新たな〝夏の味〟味わって 酔仙酒造が新商品「純米うすにごり雪っこ」 あすから順次店頭販売へ
令和6年6月9日付 7面

陸前高田市の酔仙酒造㈱(金野連代表取締役社長)は、夏場向けの新商品「純米うすにごり雪っこ」を開発した。同社が冬季限定で販売する主力商品「活性原酒雪っこ」から名付け、同商品に比べてアルコール度数や甘さ、うまみの強さをバランス良く抑えつつ、暑い夏にぴったりのすっきりと爽やかな飲み口に仕上げた。同社の夏季限定商品の誕生は、東日本大震災後初めてになるといい、10日(月)から順次店頭に並ぶ予定。同社では新たな〝夏の味〟として、「よく冷やして、夏の暑いときに味わってほしい」と話している。(三浦佳恵)
「活性原酒雪っこ」は、昭和45年に誕生。とろっとした口当たりで、米の強い甘みとうまみが感じられる商品であり、毎年10月から3月の冬期間に販売される。気仙を代表する〝冬の味〟として、半世紀以上にわたって親しまれている。
こうした中、「暑い夏場向けに新たな商品を」と、「活性原酒雪っこ」と同じ国産の米とこうじを原材料に、2種類の酵母を組み合わせて新しい純米酒を開発。精米歩合は70%で、しぼりたての純米酒のもろみ(にごり部分)をあえて残し、米由来のうまみや酸味を残しながらも、爽やかですっきりとした飲み口に仕上げた。

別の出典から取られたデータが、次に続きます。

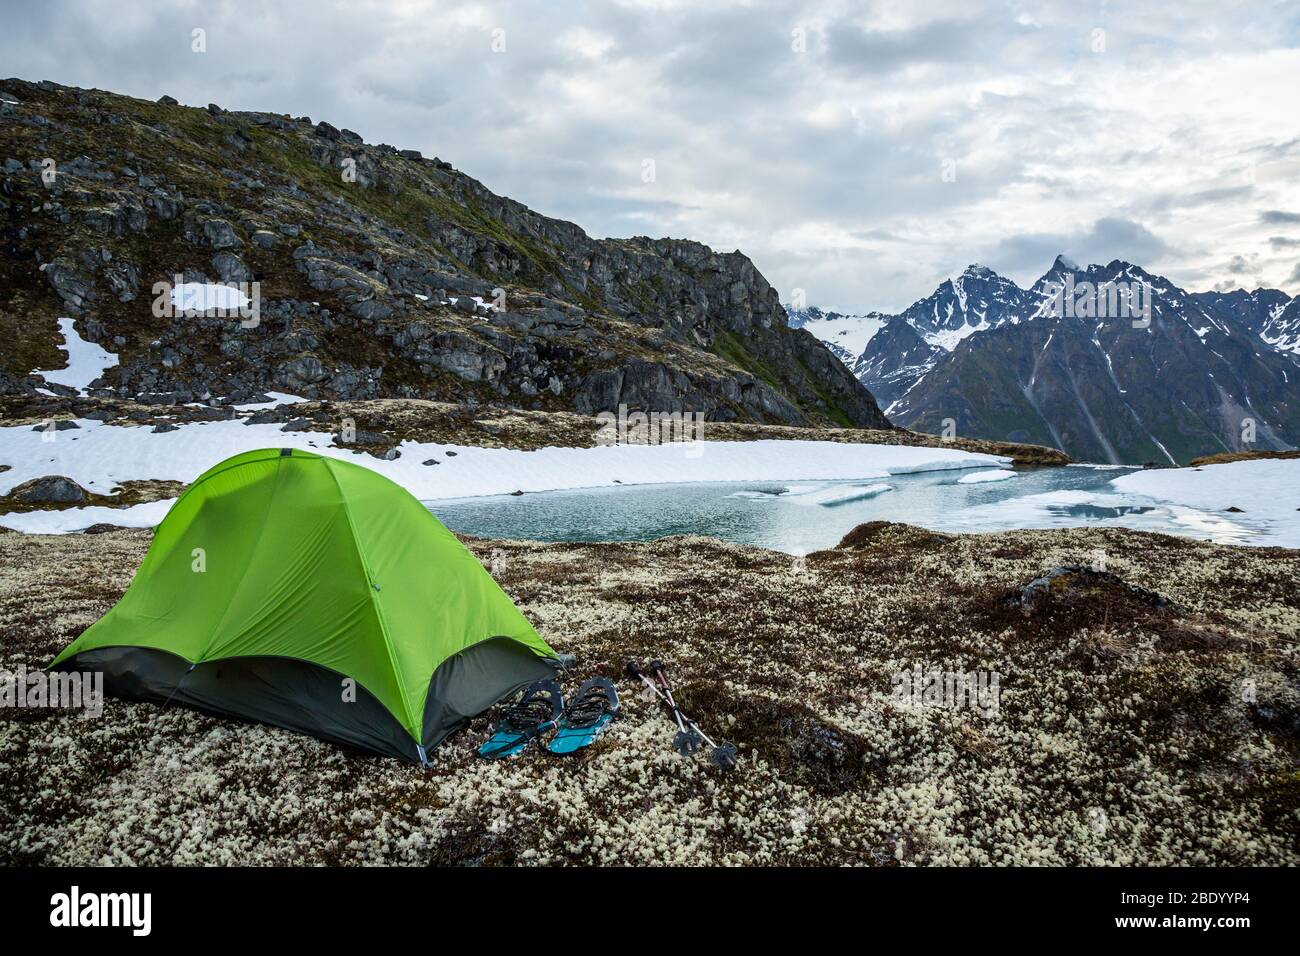 Tenda verde per una persona con racchette da neve su un lago parzialmente ghiacciato. Campeggio solo in primavera nella remota natura selvaggia dell'Alaska. Foto Stock

活性原酒はアルコール分が20%あり、甘みやうまみがかなり強い。一方、誕生したうすにごりはアルコール分16%。甘みなどはバランスを保ちつつも全体的に抑えめにしてあり、暑い夏でも飲みやすいのが特徴だ。
商品名には、長年にわたって愛されている「雪っこ」を用いた。ラベルに使用したロゴ、かわいらしく懐かしさあふれる〝雪ん子〟の絵柄は活性原酒と同じだが、うすにごりは箔押しのグリーンカラーにし、酒の爽やかで軽やかなイメージを表現。涼やかさも感じられるデザインとなっている。
取締役杜氏の金野泰明さん(48)は、「飲みやすさを考えたアルコール度数とにごり具合にし、飲むときに大事な香りの質にもこだわった。ストレートでも、氷を入れたロックでも飲めるぐらいの濃さを意識してレシピを作っている。それが狙い通りに決まった」と、新商品の開発を振り返る。
すっきりと爽やかな飲み口であることから、夏野菜の素揚げや天ぷら、冷ややっこ、白身魚の刺身、貝類などとの相性がいいという。にごりが沈殿した状態で、上澄みやにごりの部分を分けて飲んでも、味の違いが楽しめるとしている。
金野さんは、「夏の暑いときにこそ飲んでほしいお酒。飲むときには冷蔵庫できっちり冷やし、ぜひ旬の食材と一緒に楽しんでほしい」と話している。
「純米うすにごり雪っこ」は、県内を中心とする東日本エリアで、9月末までに720㍉瓶約6000本、300㍉瓶約1万本を出荷する計画。価格は720㍉税込み1430円、300㍉が同605円。県内では、10日から酒販店やスーパーなどに順次並ぶ見通しだ。